Lareina Yee, a co-author of the report and McKinsey’s global institute director and senior partner, tells Fortune that generative AI is raising the bar for what’s possible across other technology trends. “Robotics has been around for 40 to 50 years and we’ve been implementing them in manufacturing, but now powered by cognitive intelligence, that’s a game changer,” says Yee.
CIOs and other technologists aren’t expected to keep a close eye on every advancement, Yee says, as some are more niche applications like bioengineering or space technologies. But the rapid advancements of generative AI highlight that other technologies, like quantum computing, could soon make the leap from science to reality. “It’s all science until it’s not,” says Yee.
Courtesy of McKinsey & Company
JOBS RADAR
Hiring:
– Synergy Pet Group is seeking a CTO, based in Lakewood, New Jersey. Posted salary range: $200K-$250K/year.
– Chartmetric is seeking a CTO, based in San Mateo, California. Posted salary range: $200K-$300K/year.
– Headway is seeking a director of IT, based in New York City. Posted salary range: $218.4K-$257K/year.
– Whatnot is seeking a director of IT, based in Los Angeles. Posted salary range: $230K-$270K/year.
Hired:
– American International Group (No. 157 on the Fortune 500) appointed Scott Hallworth as chief digital officer, effective September 1, where he will oversee AIG’s digital, data, and generative AI strategy. Hallworth joins the insurance giant after most recently serving as chief data and analytics officer at computer maker Hewlett Packard. He also previously held technology leadership roles at Fannie Mae and Capital One.

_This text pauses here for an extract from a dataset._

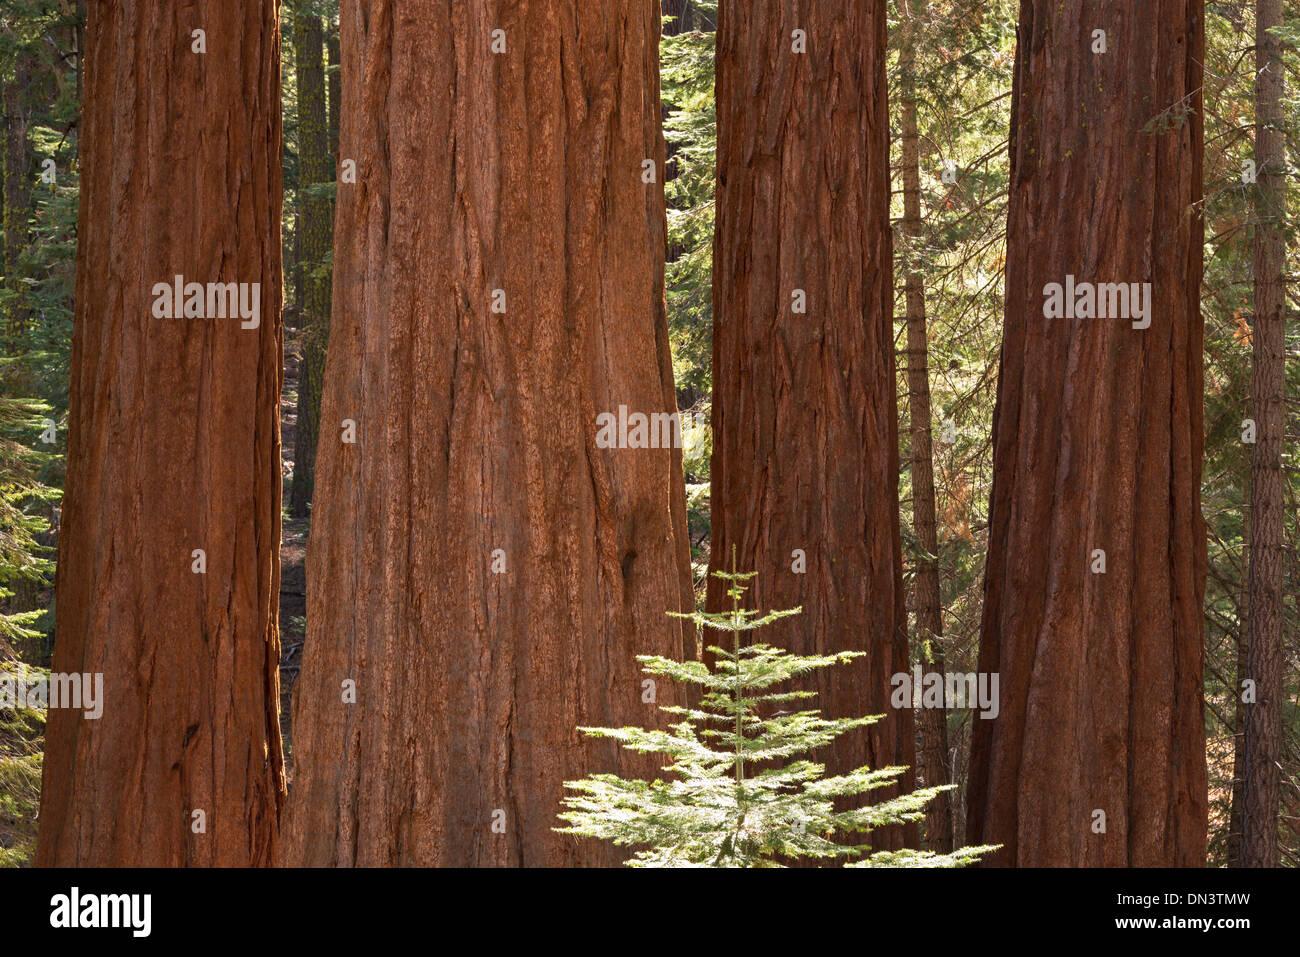 Giant Sequoia trees (Sequoiadendron giganteum) in Mariposa Grove, Yosemite National Park, California, USA. - Stock Image

Every Friday morning, the weekly Fortune 500 Power Moves column tracks Fortune 500 companies C-suite shifts—see the most recent edition.
– UKG announced the appointment of Jim Joudrey as CTO, joining the workforce management and human resources software provider to oversee the 4,000 global engineering and cloud teams. Joudrey will serve on the UKG executive leadership team and report to CEO Jennifer Morgan. He most recently served as a VP at Amazon and spent a decade at the tech giant, including leadership roles spanning financial systems, supply chain, and in Amazon Web Services infrastructure.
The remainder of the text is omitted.